Search code examples
pythonpandaspep8

Is overwriting variables names for lengthy operations bad style?


I quite often find myself in a situation where I undertake several steps to get from my start data input to the output I want to have, e.g. in functions/loops. To avoid making my lines very long, I sometimes overwrite the variable name I am using in these operations.

One example would be:

df_2 = df_1.loc[(df1['id'] == val)]
df_2 = df_2[['c1','c2']]
df_2 = df_2.merge(df3, left_on='c1', right_on='c1'))

The only alternative I can come up with is:

df_2 = df_1.loc[(df1['id'] == val)][['c1','c2']]\
    .merge(df3, left_on='c1', right_on='c1'))  

But none of these options feels really clean. how should these situations be handled?


Solution

  • You can refer to this article which discusses exactly your question.

    The pandas core team now encourages the use of "method chaining". This is a style of programming in which you chain together multiple method calls into a single statement.
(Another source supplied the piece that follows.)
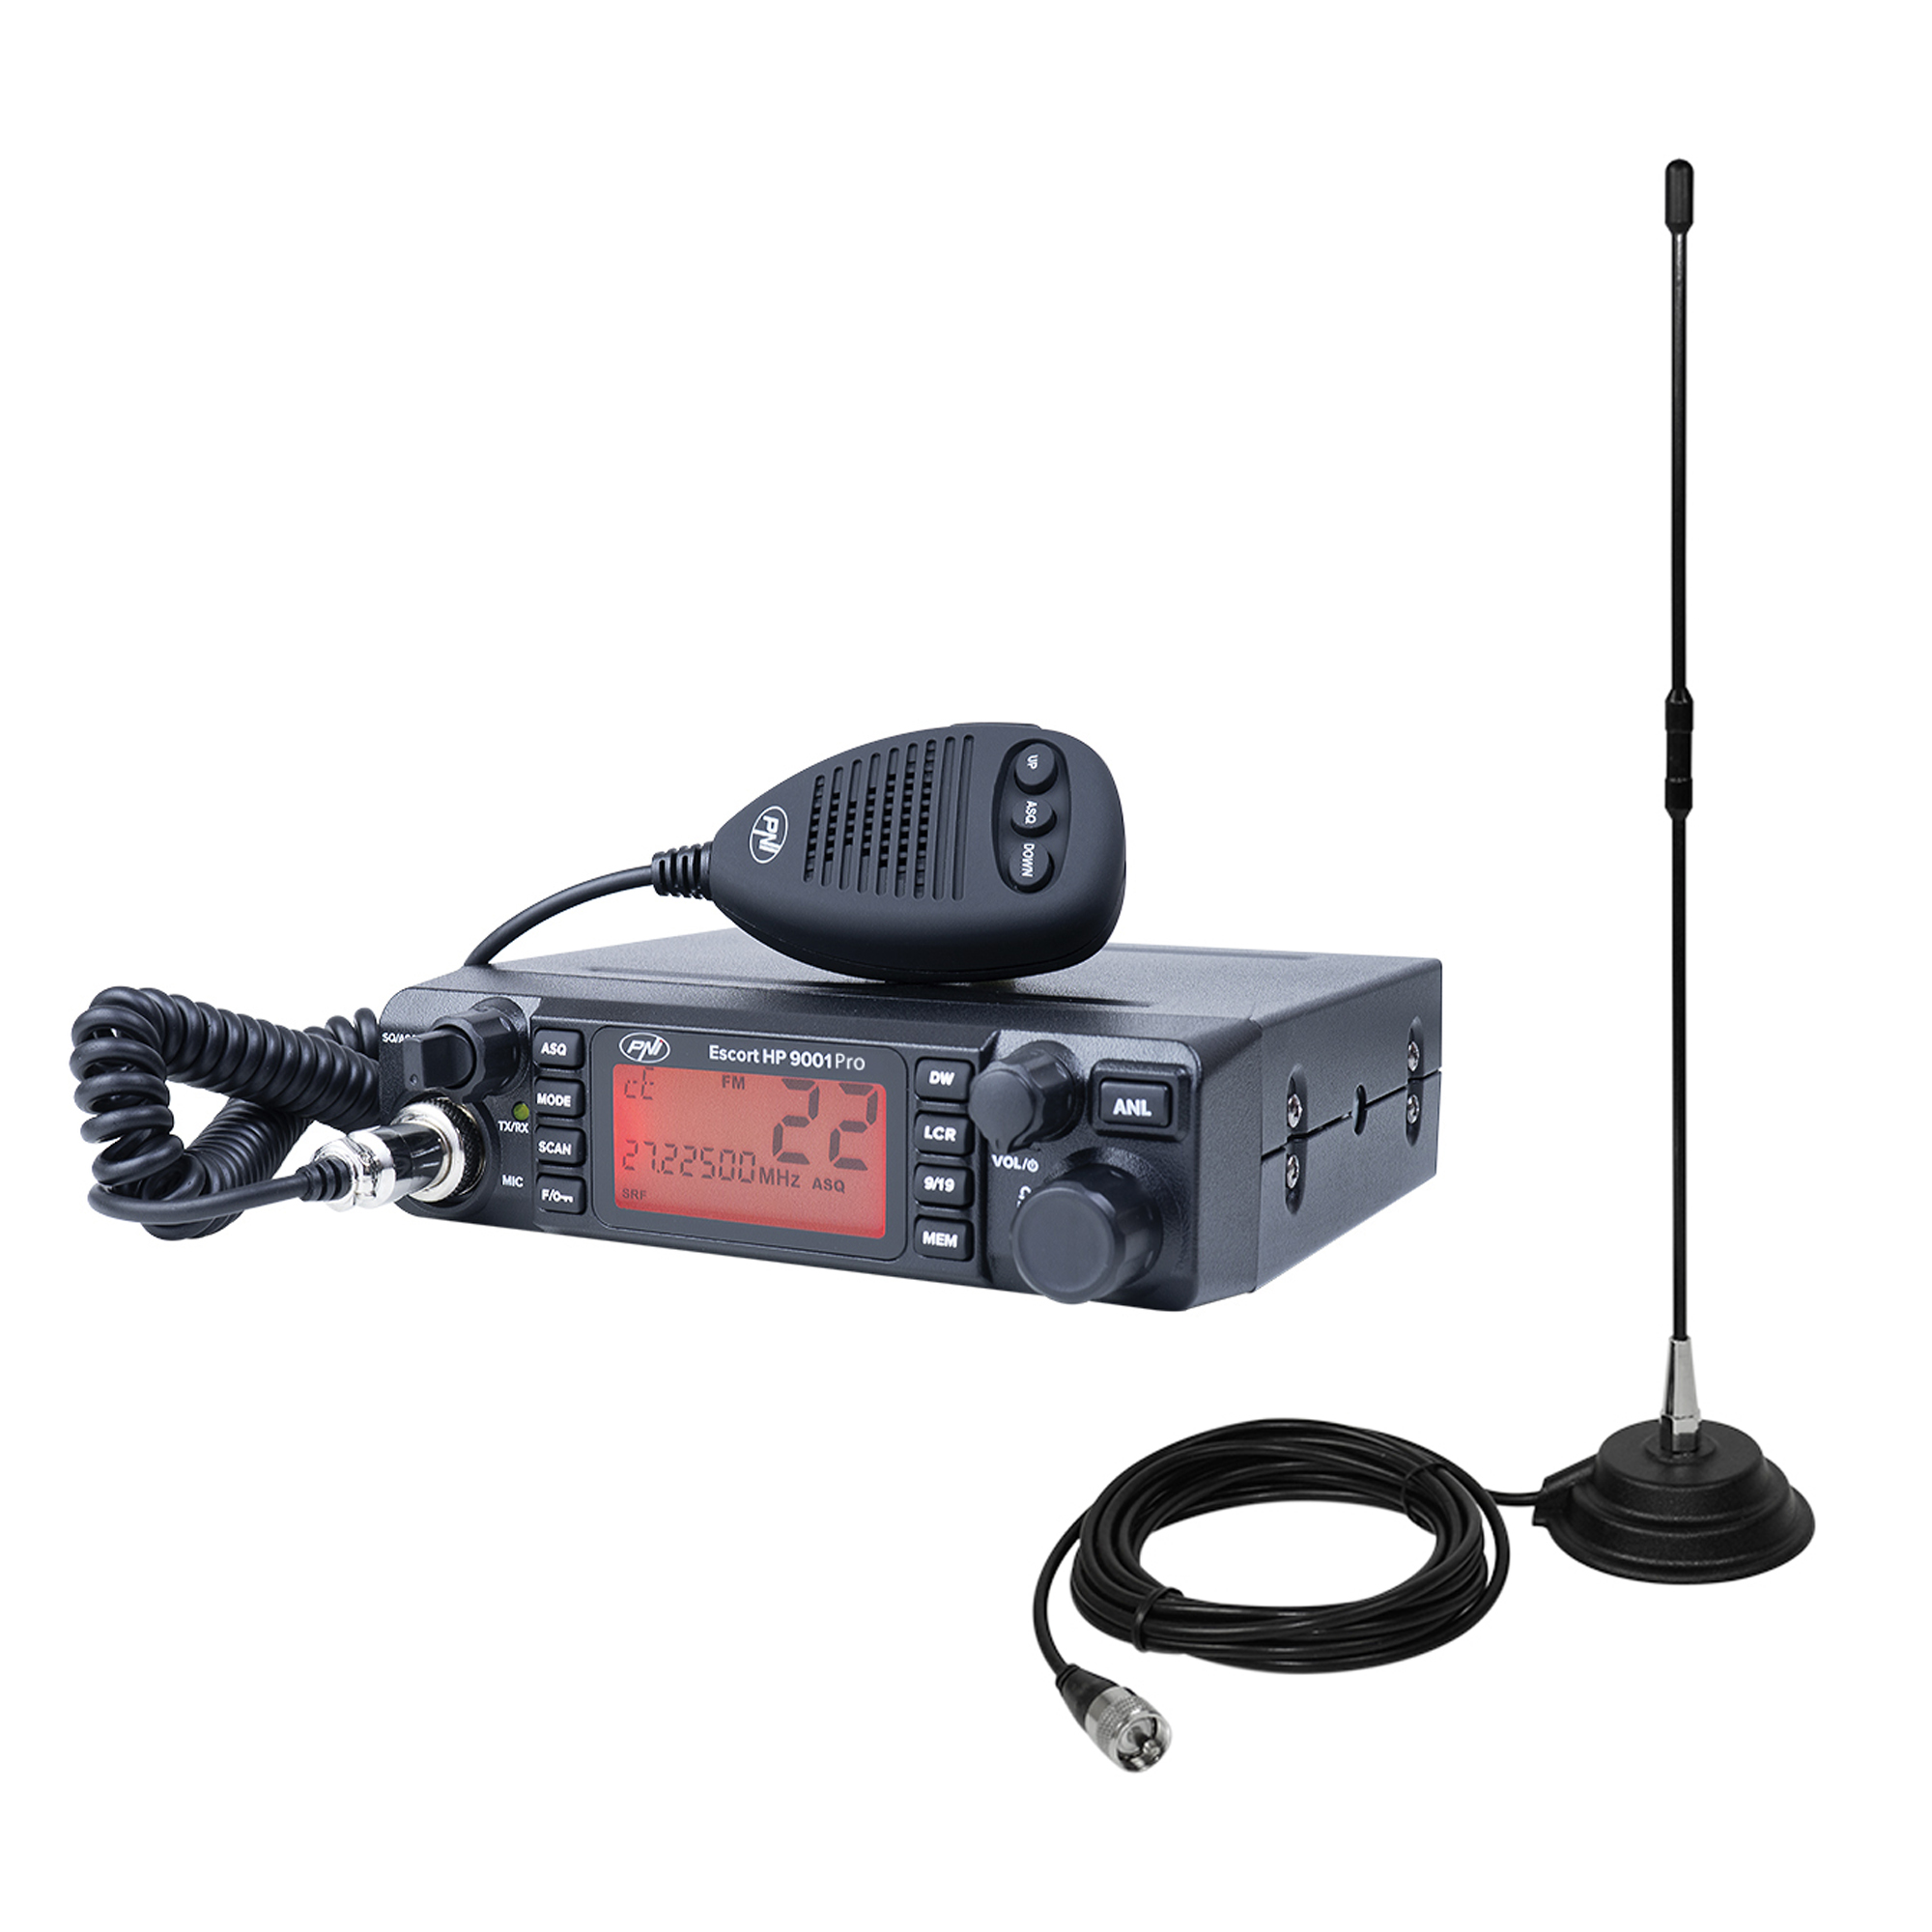 Pachet Statie radio CB PNI ESCORT HP 9001 PRO ASQ reglabil, AM-FM, 12V/24V, 4W + Antena CB PNI Extra 40 cu magnet, 30W, 26-30MHz, SWR 1.0, fibra de sticla

This allows you to pass intermediate results from one method to the next rather than storing the intermediate results using variables.

    In addition to prettifying the chained codes by using brackets and indentation like @perl's answer, you might also find using functions like .query() and .assign() useful for coding in a "method chaining" style.

    Of course, there are some drawbacks for method chaining, especially when excessive:

    "One drawback to excessively long chains is that debugging can be harder. If something looks wrong at the end, you don't have intermediate values to inspect."